16 July 2011

Nope, I'm not going to 'play' that way

Sometimes, you have to let the sun set.
Whoever said "Life isn't fair" sure wasn't lying.  That person should have quickly followed up with something along the lines of how much it stinks to be a grown up.  Currently, I want to throw myself on the ground and have a full blown temper fit but I can't - I've surpassed the age limit apparently.  Internally though, oh yeah I've gone there.

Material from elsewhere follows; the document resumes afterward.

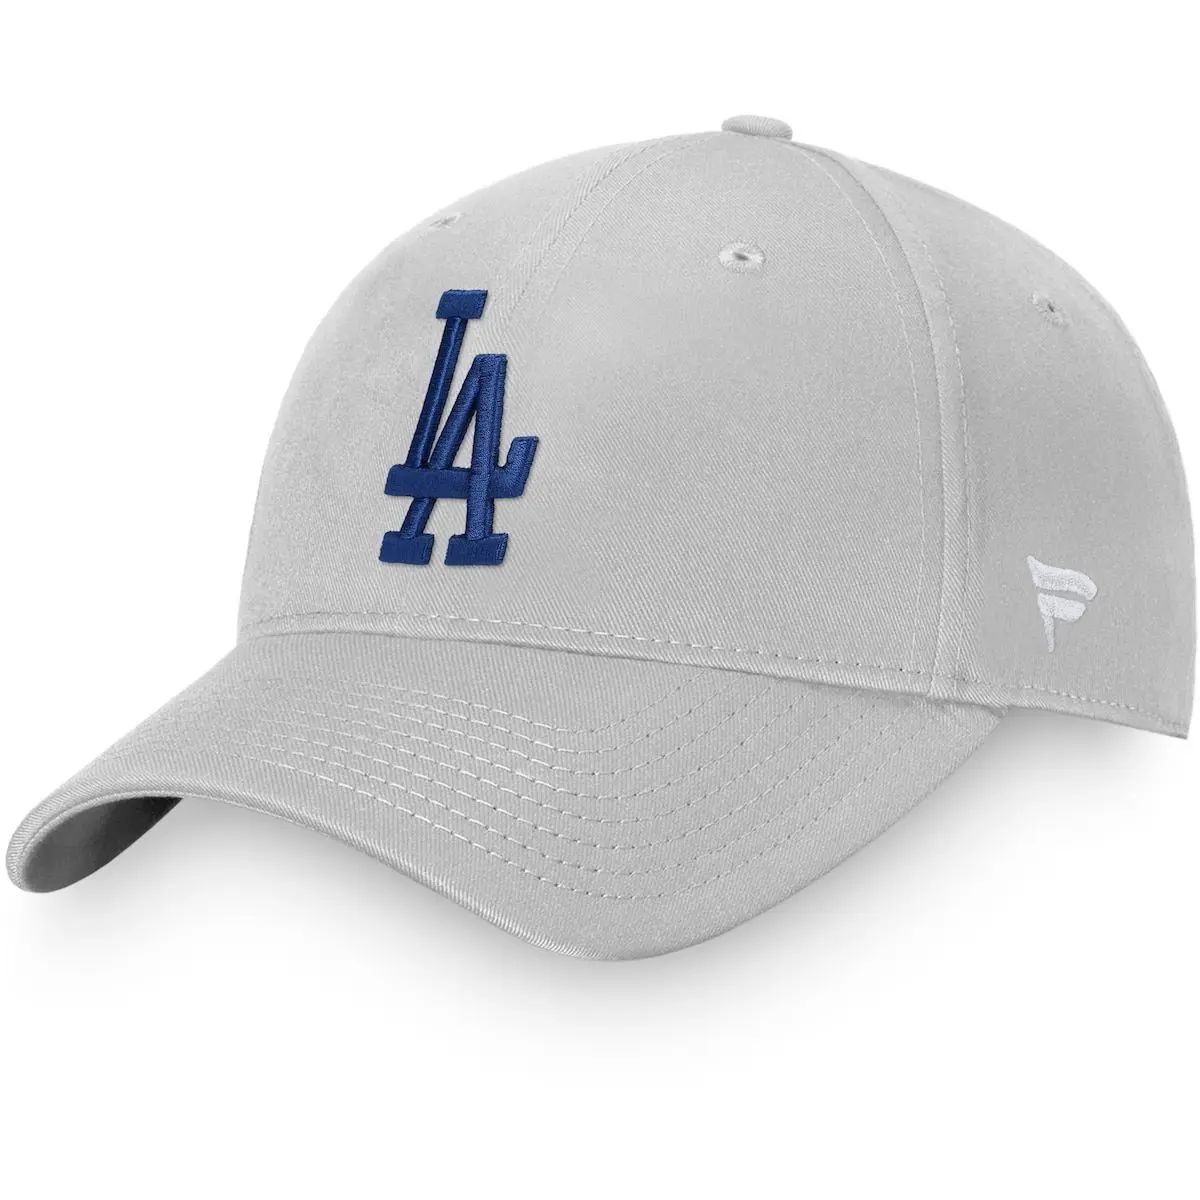 Men's Fanatics Branded Gray Los Angeles Dodgers Core Snapback Hat at Nordstrom, Size One Size Oz | Nordstrom

Guilt is a horrible weapon and one I don't use.  There are those who would say that I am insusceptible to guilt's power... those few would be wrong.  I work hard to not allow that type of passive aggressive manipulation to have it's hold on me but to say that I am immune to it is not true in the least.  It works on me and manages to make me feel horrible, the end result being that those people who attempt to manipulate me with it usually get their way.  It's a false victory but a victory for them all the same.

As of today, I am refusing to give in to guilt.  If someone wants to play that card, they can count me out.  Verbal, non verbal, aggressive or passive aggressive - I want none of it.  I don't care if you a dear friend or a loving relative.  I will not play your game.  I don't guilt anyone because if that is the only means to an end, I would rather go without.  I would prefer that someone would like to do something, instead of feeling obligated to do something.  I hold nothing over anyone's head - or give the impression of such goings on. 

Do or do not... it's that simple.  Guilt has no place here.